Naming and Distinctions
| Vendor | Brand name | Distinguishing emphasis |
|---|---|---|
| Atomicwork | Enterprise Knowledge Graph | Heavy focus on knowledge (SharePoint/Confluence/Drive content) + identity/asset graph; PII redacted at ingestion; per-tenant self-hosted vector DB ^[extracted]. |
| STLabs | Axiom | Strict provenance per assertion; explicit “graph over tables” framing; positioned against the CMDB as the differentiating primitive; combines vectors for semantic lookup with graph traversal for structural reasoning ^[extracted]. |
| Console | Context graph | Integrated into the agent runtime; emphasized for “ticket as audit record” pattern ^[extracted from Console research]. |
| Serval | (no public brand name) | Equivalent function delivered via the integration proxy (server-side credentials + fixed scope) and Assets surface; the context substrate is implicit, not marketed as a distinct primitive ^[inferred]. |
When It Helps (and When It Doesn’t)
Helps when:
- The buyer organization has several disconnected systems of record (IdP + HRIS + MDM + ITSM + cloud) — the graph creates the connective tissue.
- Workflows depend on cross-system context — onboarding spans HR + IdP + MDM + email + access management; offboarding spans IdP + MDM + HRIS + license reclamation.
- AI is asked to take action, not just answer — grounded actions need grounded context.
Less useful when:
- A single system already covers the full stack (rare).
- Buyer is comfortable with manual CMDB and doesn’t need autonomous action.
- Integration coverage in the vendor’s catalog doesn’t include the buyer’s actual stack.
Trade-offs
- Integration coverage is the moat. A context graph is only as useful as its inputs. STLabs and Atomicwork both market 50–100+ integrations; Serval is at 65–70; Console publishes its connector list. Connector breadth is the actual product surface.
- Provenance discipline is hard. Merging conflicting facts from multiple sources without losing source-of-truth is non-trivial. STLabs makes provenance their headline: each graph edge/property is a timestamped assertion with source and confidence metadata ^[extracted].

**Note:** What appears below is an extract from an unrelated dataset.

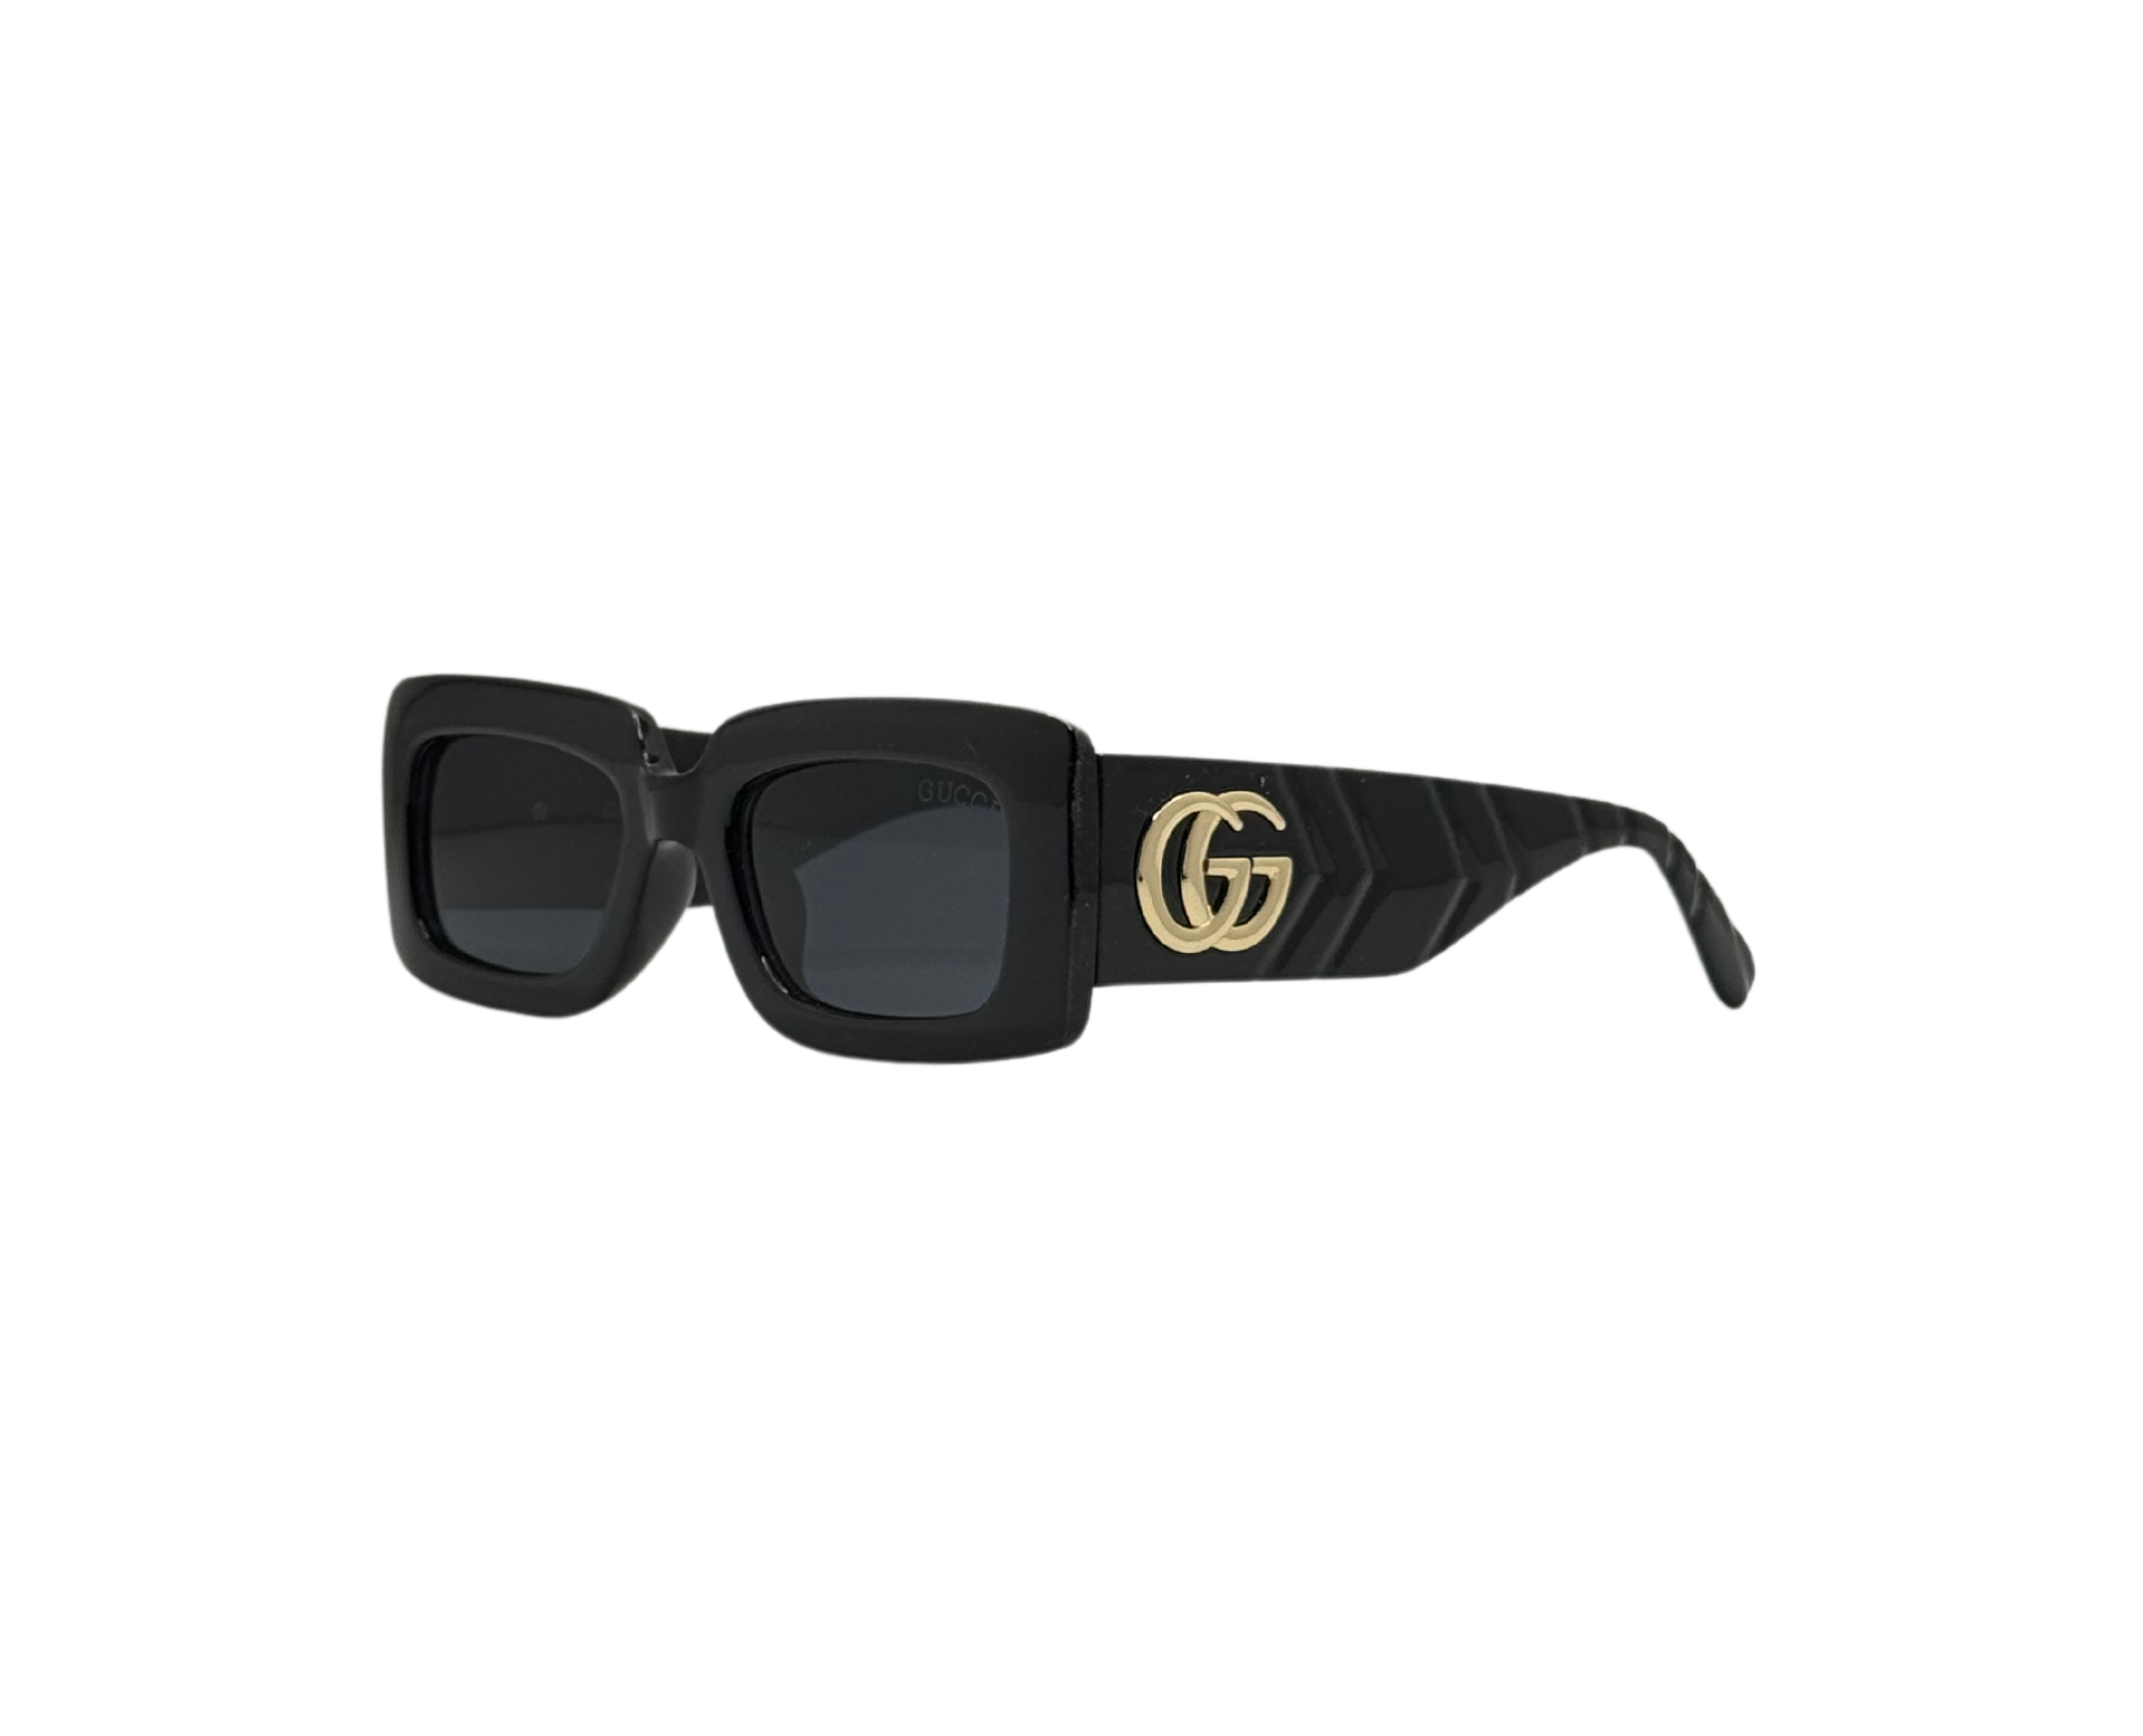 NS Deluxe - 53001 - Black - Sunglasses
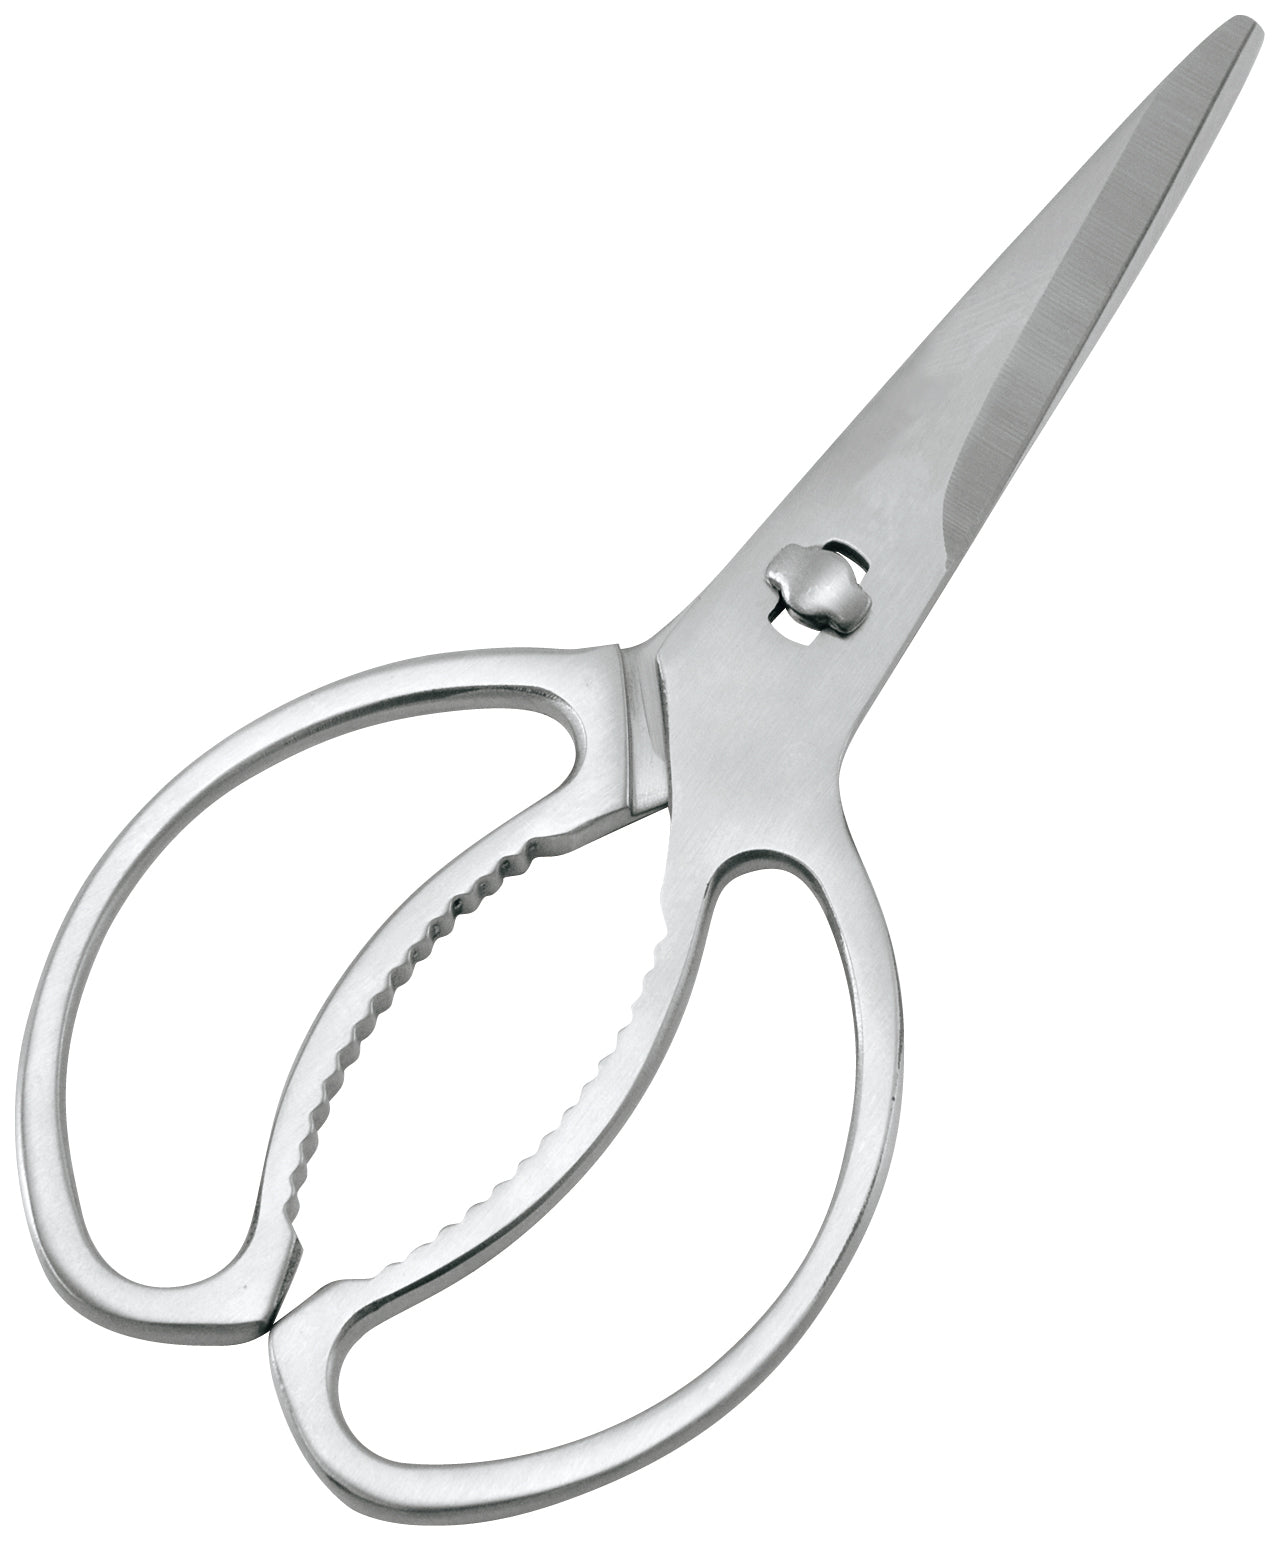 EBM All Stainless-Steel Kitchen Scissors

- Permission propagation has corner cases. Document ACLs, group memberships, time-bound access — getting RAG to honor all three at query time is genuinely hard.
- Vendor lock-in risk. The graph is a customer-specific asset built inside the vendor’s product. Export paths and vendor-portability are an open buying-team concern; not yet a standard feature in any researched player.
Why It Matters for initlabs
The context graph is table stakes, not a differentiator, for any serious entrant in this category. initlabs cannot ship without one — and the bar for a credible offering is now continuous ingestion, provenance per assertion, permission-aware queries, and ≥50 connectors.
Possible differentiation axes within the context-graph space:
- Provenance-first UX — surface “why did the AI think this?” with a graph trace as the answer. STLabs leans this direction in its blog post; the actual product UX is unverified.
- Open / portable graph — customer-owned graph export, or a self-hostable graph layer. None of the Tier-A players ship this today ^[inferred].
- Connector velocity — a community-built or marketplace approach to integrations vs first-party-only.
- Graph reasoning over policy — represent compliance + access policies as graph queries, audit-able against the graph itself.
- Engineering self-service — STLabs hints at this (database credential self-service); deeper integration with infra-as-code, secrets, and dev environments could become a real flank.